Saturday, September 27, 2008

70's Bonanza: "Smile"

Robert Altman's "Nashville" is generally regarded as the quintessential and sprawling masterpiece of the 70's that best encompasses a wide swath of political, cultural and religious factions of people. It's three hours long and serves as a microcosm for the United States (or at least middle America) and it still registers strongly as a descriptive and incisive time capsule of the period. I propose an alternative take- in the form of Michael Ritchie's "Smile". Released in the same year as "Nashville" (1975), it's a film that posits itself in small town California and reveals ideas and personalities just as deeply insightful about America as Altman's prescient vision. Instead of being a wide view of the people trying to make it in the country music scene, "Smile" fashions a black comedy around the surface artificiality of a beauty pageant. And while "Nashville" ultimately sinners into an angry evocation of political malice, "Smile" accomplishes the same feeling of lost innocence in smaller, more human increments. This is, simply put, one of the best films of that decade.

And in addition to that high praise, director Michael Ritchie is probably one of the most overlooked directors of the decade as well. Just look at his track record from 1969 to 1976- seven years saw the release of "Downhill Racer", "Prime Cut", "The Candidate", "Smile" and "The Bad News Bears". An amazing batch of films. Based on a screenplay by Jerry Belson, "Smile" stars Bruce Dern as the good 'ol American dad tasked with being the head judge of the Young American Miss beauty pageant as it stumbles into the small California town of Santa Rosa. Interspersed around the huge local event, we see glimpses of the seething imperfections beneath the pseudo glamorous surface. Dern's youngest son, 'Little Bob' (Eric Shea), is eventually arrested for being a peeping tom outside the dressing room windows of the beauty contestants- contestants including Melanie Griffith, Colleen Camp and Annette O'Toole. Dern's best friend, Andy (Nicholas Pryor), is the town drunk, suffering the onslaught of depression and avoiding his frigid wife, a former beauty pageant winner played by Barbara Feldon. The only advice that Dern can give his best friend is to "cheer up" and attend the local Knights of Columbus dinner later in the week... a dinner which, in and of itself, turns into a marvelously twisted set piece that requires all the men to dress up in white robes and force certain members to kiss the butt of an uncooked chicken. In the relationship between Dern and Andy comes the film's most searing example of suburban malaise. Even though Dern (and the whole town) believe that the ensuing pageant will somehow wash clean their problems, the influx of beautiful girls only magnifies their statical lives. There are old beauty queen winners struggling to deal with mid-life crisis, janitors who see the whole contest as another excuse to drink on the job and the fact that Dern can't control his own family. Even the beauty pageant contestants discover that life in small town California is not the answer to their boredom. While examining the self-conscious issues that surely arise from every angle of the beauty contest, "Smile" most acutely emphasizes the disconnect that exists in virtually every character searching for that elusive American Dream, whether they're competing or not.

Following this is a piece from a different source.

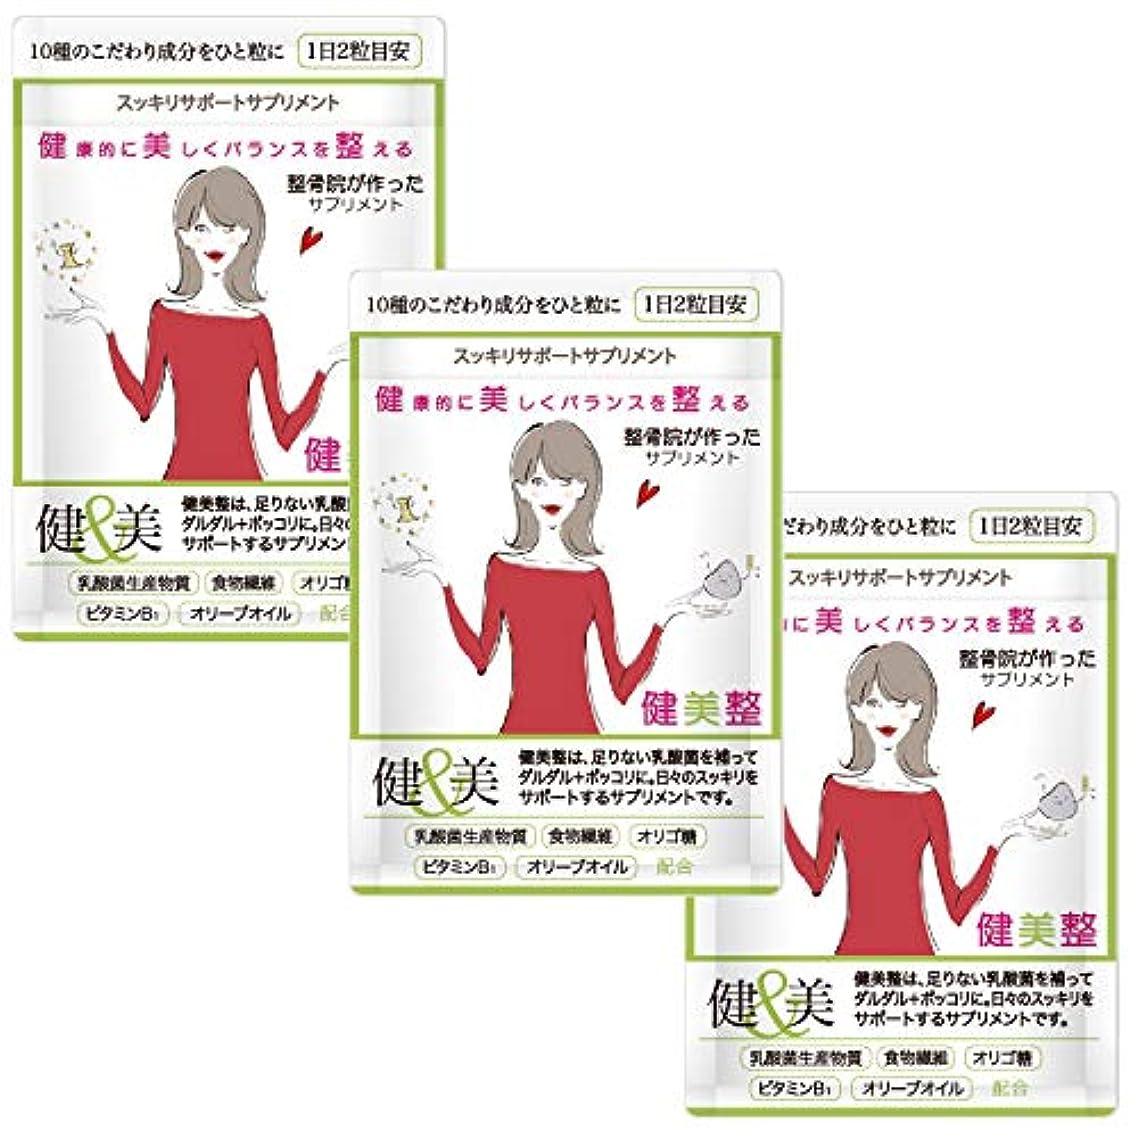 アンドリューハリディ抵抗するきつくダイエット サプリメント 人気 酵素 健美整プラス 腸内環境 炭 60粒1か月分 (3)

Scathingly funny and full of wonderfully composed observations, "Smile" deserves to be re-assessed today. I dare anyone to screen this film and "Nashville" back to back and not come away inspired by both filmmakers and their genuine understanding of their day and age. "Smile" is the perfect title for a film that masks itself as a comedy when its true intent is to peel away the malcontent surface of its characters and their environment- and in the meantime pave the way for every other "suburban anomie" film from the works of Linklater to "American Beauty". Probably the most revelatory moment of "Smile" comes in its final scene. Obviously disturbed and disillusioned by the entire affair (and that the pageant itself is over, relegating him to just an RV salesman again), Dern approaches three marines as they're wrapping up an American flag on stage in the empty auditorium. He comments to them with, "You boys sure did a nice job." He then tells them he was in a certain division of the military and is met with a "yes, sir." The soldiers turn to walk off when one of the soldiers mumbles "you see the tits on miss san jose?" It's just yet another small chink in the armor for a man looking for something decent and traditional in a life that no longer matters. Solace and understanding can't even be found in America' s finest... and artificiality reigns supreme again.